Usually, the results of PGD are done in 24 hours, and once the chromosome complement of each embryo is known, embryo transfer can be done on day 4 (morula) or day 5 (blastocyst).
Additional methods of doing PGD are to biopsy the polar body, or small round mass extruded from the embryo at the time of ovulation that contains a single set of 23 chromosomes (the egg prior to ovulation has 46), making room for the single set of 23 chromosomes coming in from the sperm. Polar body biopsy only works to evaluate female chromosomal disorders. PGD can also be done on a blastocyst or day 5 embryo by doing a biopsy of the outer ring of cells of the embryo, which will eventually form the placenta (known as the trophectoderm). The risk of doing this type of biopsy is getting cells that are not representative of the embryo. Arizona Center for Fertility Studies does all PGD biopsies on a day 3 embryo that is, on average, 6-9 cells.

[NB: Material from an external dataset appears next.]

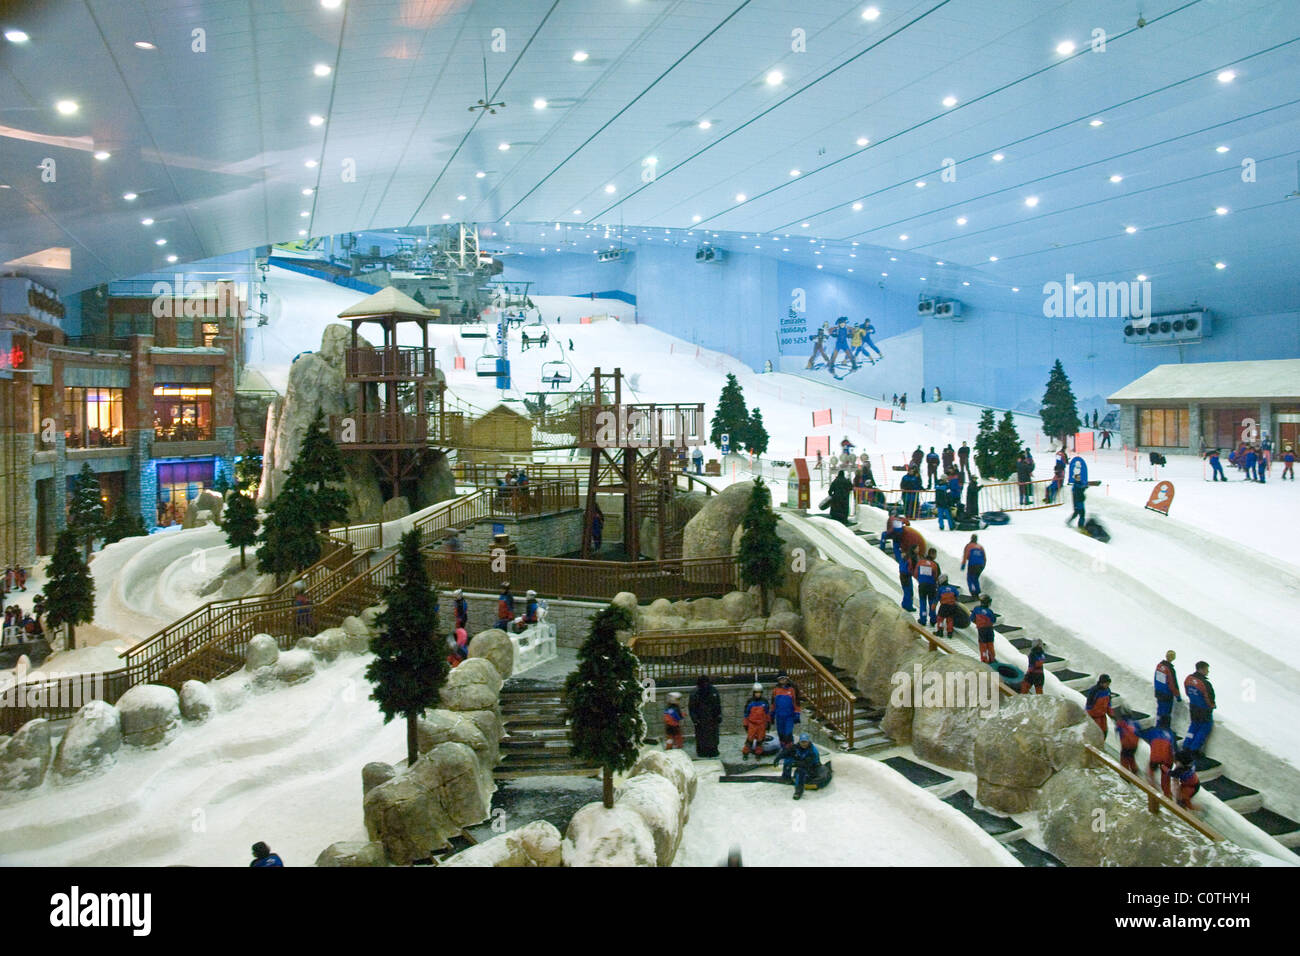 Skiing in Dubai The winter leisure park in the Mall of the Emirates in Dubai United Arab Emirates Stock Photo

A blastomere biopsy is done by holding the embryo at 9 o'clock with a micro-holding pipette; simultaneously, a micro-manipulation pipette containing acidic tyrode solution is placed adjacent to the zona pellucida, or wall of the embryo. The tyrode solution is gently extruded to thin the zona and slowly make a small opening. The manipulation pipette is placed through the opening in the zona, and a single blastomere is carefully removed and gently aspirated into the pipette and expelled into the surrounding medium. After all the embryos have undergone biopsy and placed in their individually numbered dishes corresponding to the embryo that they were removed from, the cytoplasm is washed away and the nucleus (containing the chromosomes) is fixed to a slide to be sent for evaluation. The embryos are then placed back in the incubator while awaiting the results.
Picture of an 8+ cell embryo undergoing embryo biopsy, with a micro-holding pipette on the left and a micro-manipulating pipette on the right gently removing a single cell or blastomere for Preimplantation Genetic Diagnosis (PGD) analysis.
Video made at Arizona Center for Fertility Studies of a normal embryo undergoing embryo biopsy for Preimplantation Genetic Diagnosis (PGD).
Even after a successful pregnancy, it is still recommended by some Obstetricians that either amniocentesis or CVS be done since PGD is not 100% accurate in diagnosing chromosome abnormalities (about 90%). Arizona Center for Fertility Studies does not recommend this, but the couple is already aware of this possibility and the decision is up to them. Most do not choose to do an amnio or CVS since the risks of having a complication from the procedure is much higher than the odds of "missing" a chromosome abnormality. To date, there are thousands of babies born who underwent PGD as embryos with no reported statistical increase in birth defects or other identifiable problems.